Table 1 Single nucleotide polymorphism diversity

Estimates of Nν from FST between world populations are shown (Table 2). If N is the same for males and females, the female migration rate would exceed the male migration rate by a factor of 7.96. As expected, the autosomes displayed a value of Nν, which is intermediate between the values calculated from mtDNA and Y chromosomes (and close to their geometric mean).

Table 2 FST, Nν and their ratios for SNP data

We compared data for autosomal and Y-chromosomal microsatellites (short tandem repeat polymorphisms) in 14 African populations (Table 3). The fraction of the total variance found within populations was higher for the autosomes than for the Y chromosome. An analogue of FST for microsatellites (RST; Refs 13,14) indicated an Nν for the autosomes of 9.37, versus 4.26 for the Y. Their ratio of 2.20 was nearly the same as the ratio reported for SNPs (Table 2).

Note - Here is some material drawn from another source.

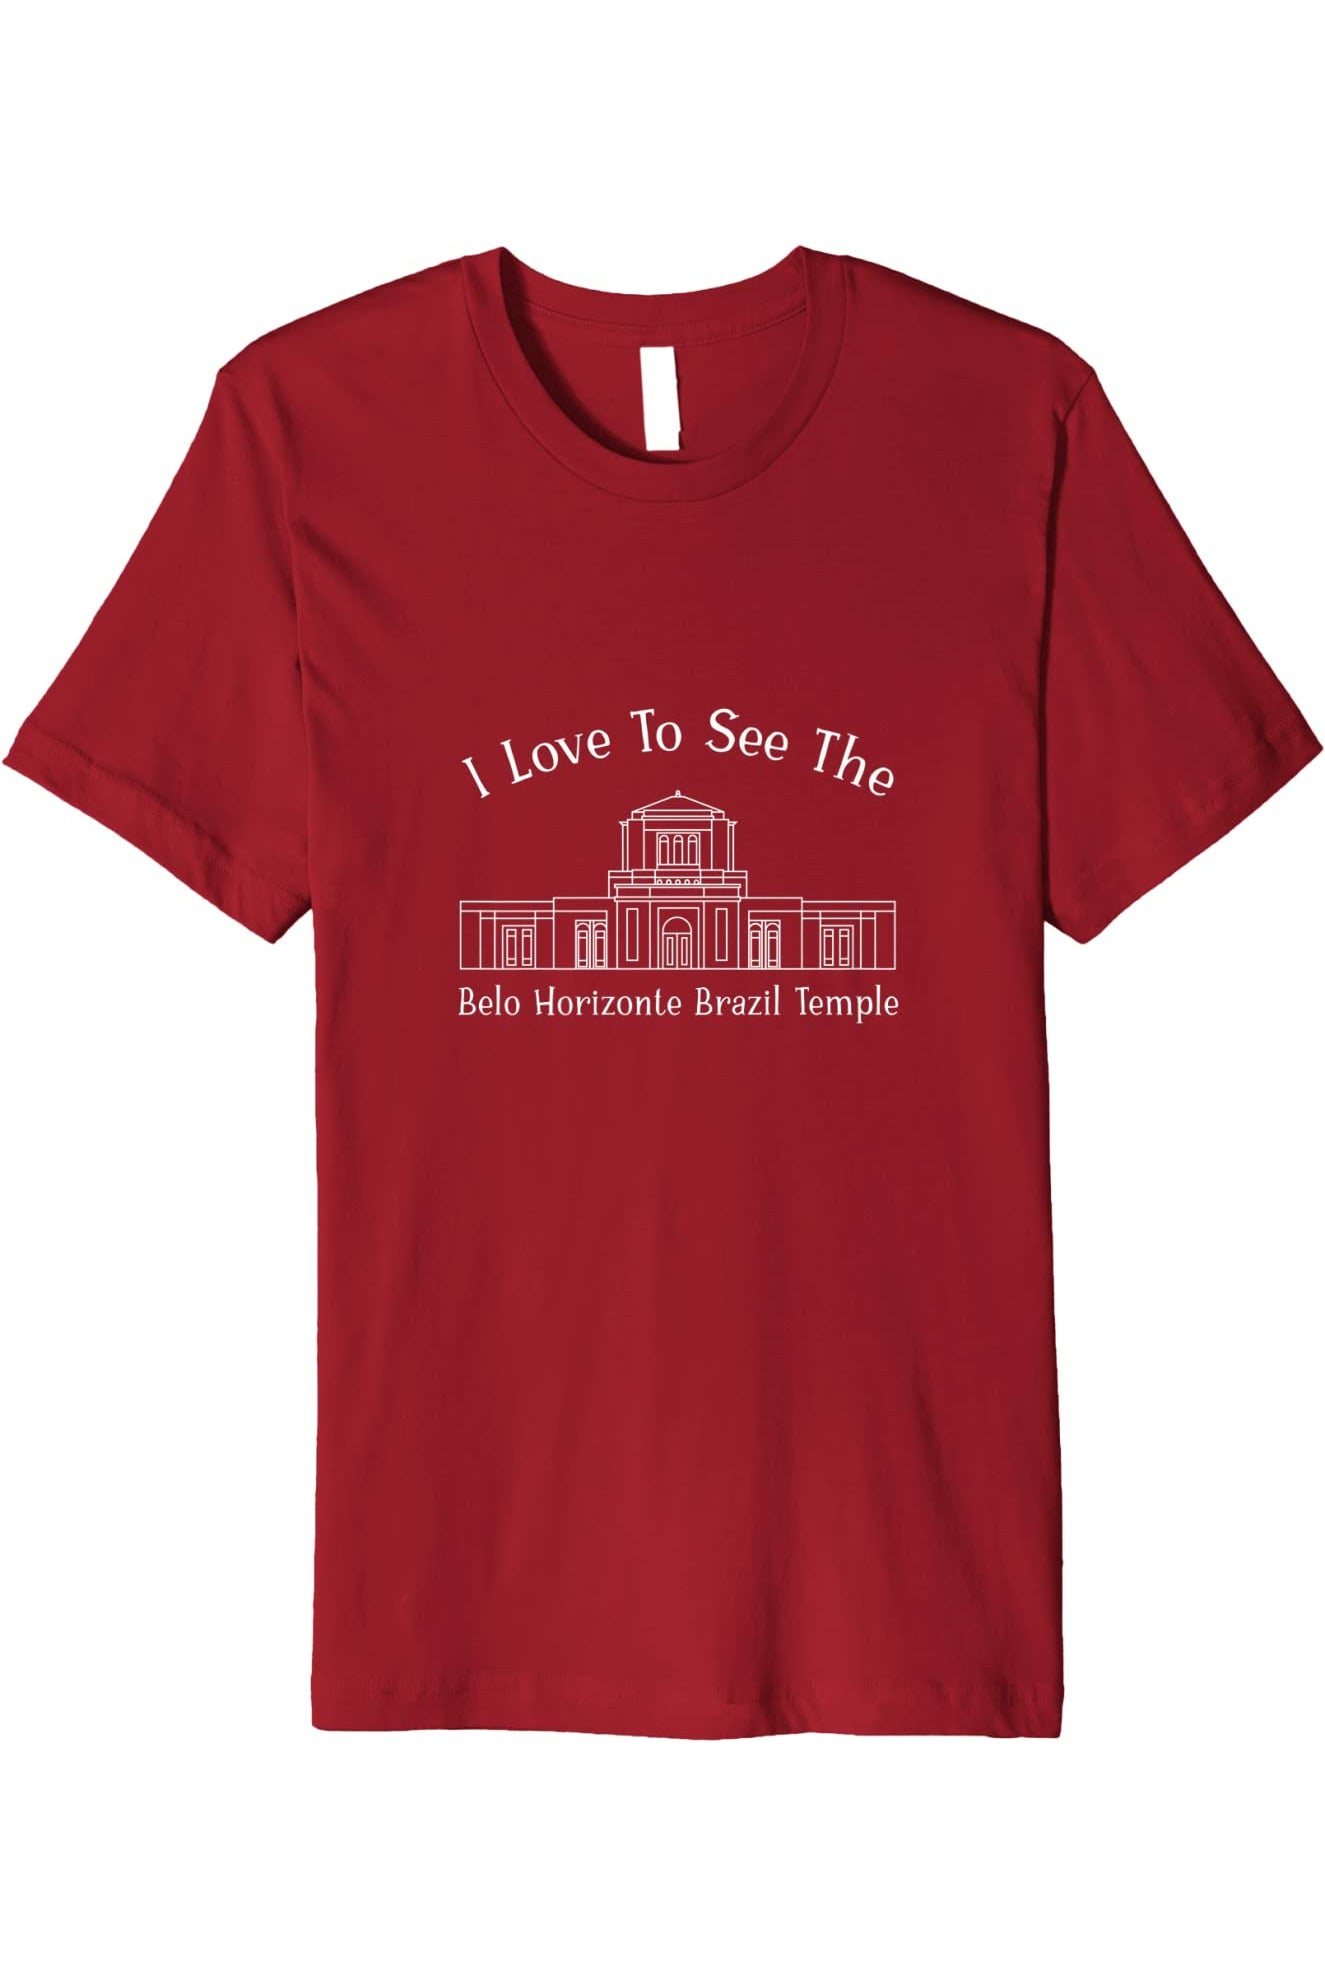 Belo Horizonte Brazil Temple T-Shirt - Premium - Happy Style (English) US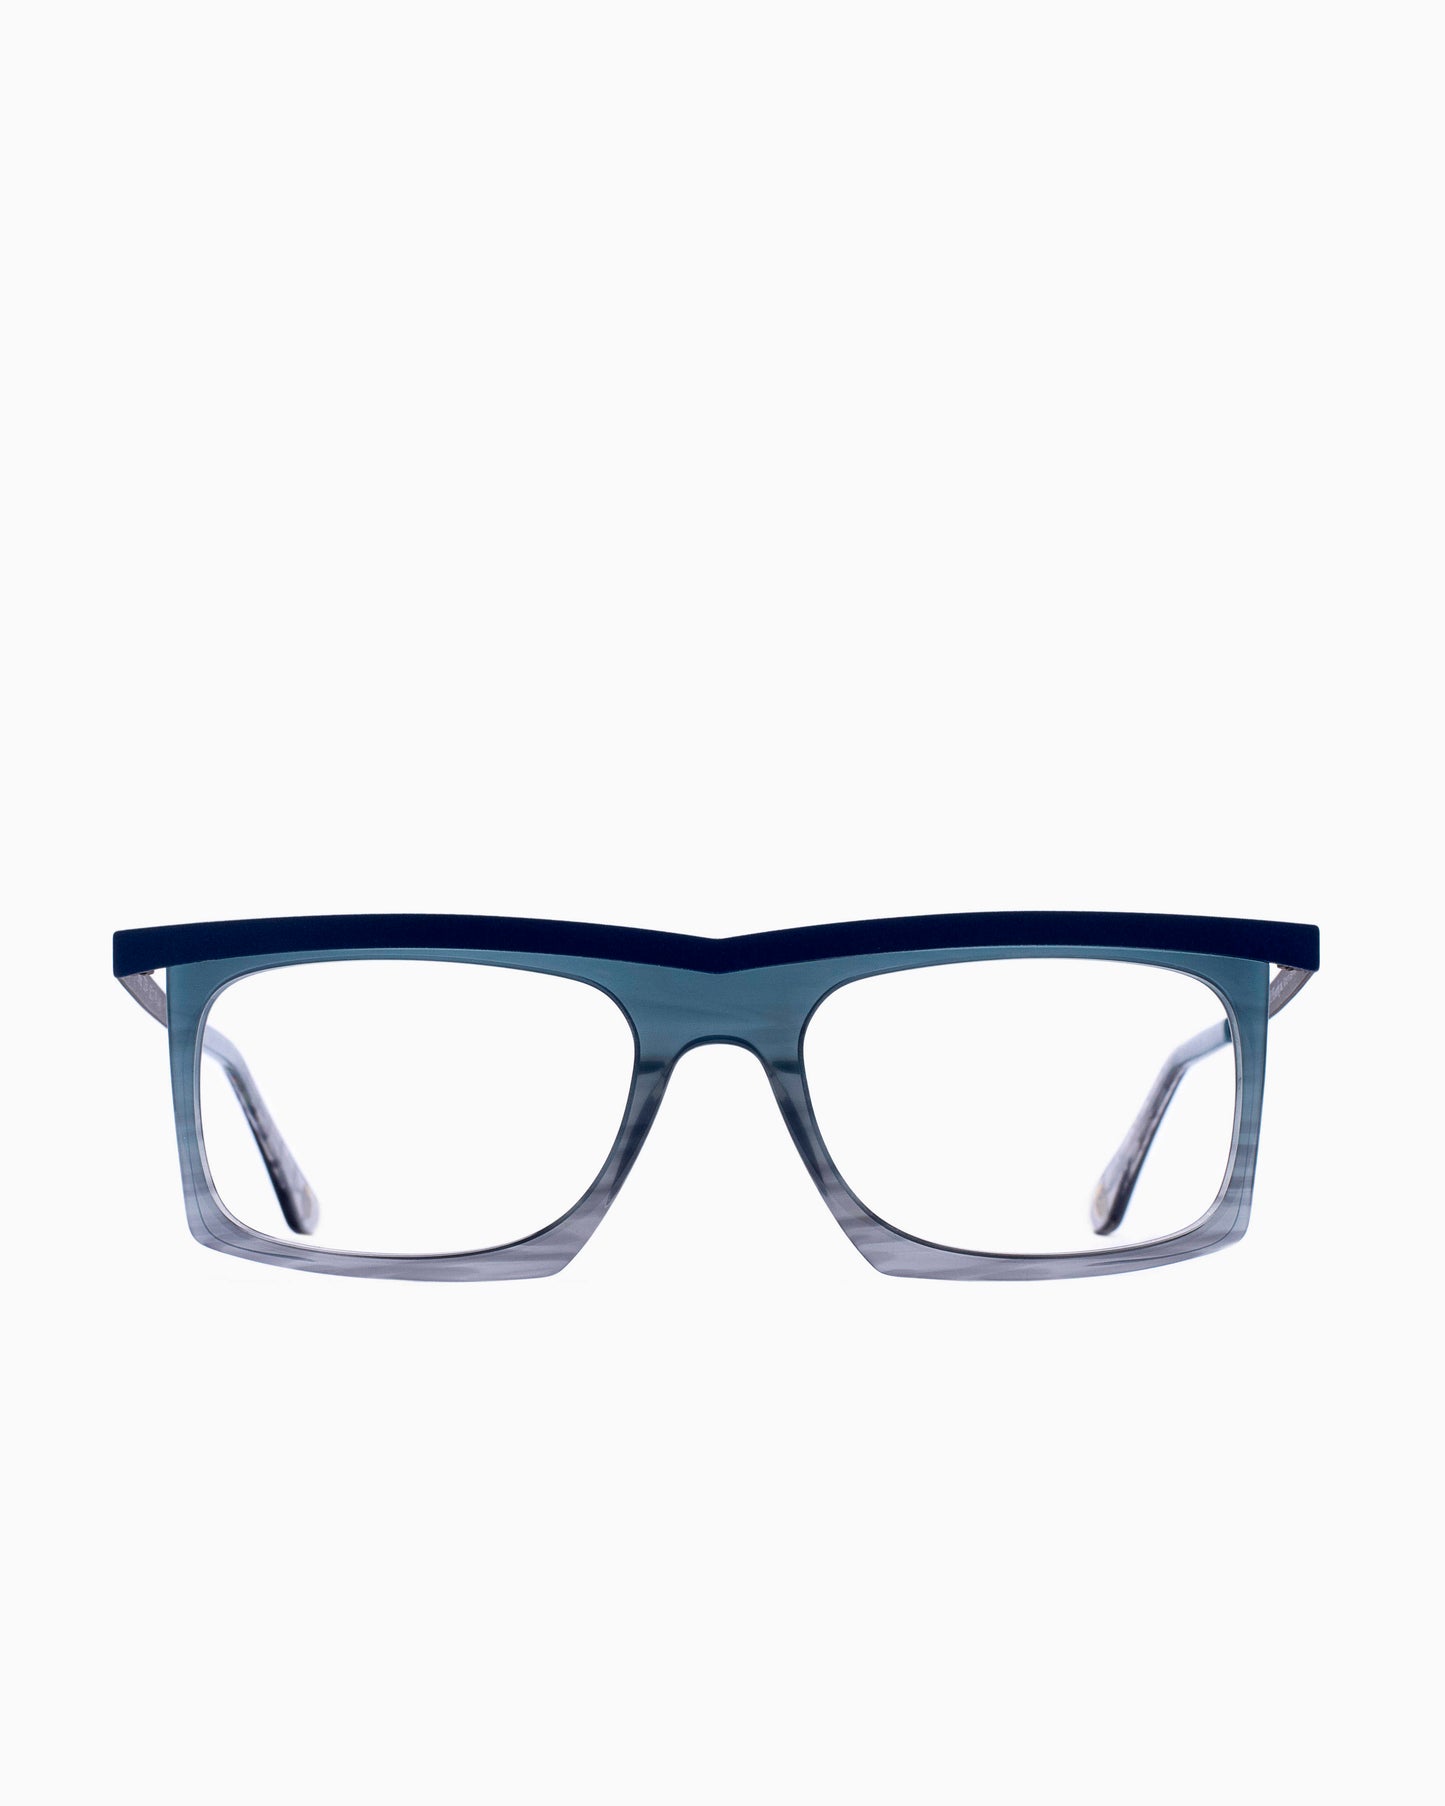 Spectacleeyeworks - Doug - C874 | glasses bar

Table 3 Microsatellite diversity

Another approach, using the regression of genetic distance onto geographic distance (Fig. 1), leads to the same conclusion. The slope for the Y chromosome data was higher than for the mtDNA data by a factor of 8.22 (P<0.05), indicating a more rapid increase of genetic distance for the Y chromosome. This, too, was in close agreement with the FST analysis presented (Table 2).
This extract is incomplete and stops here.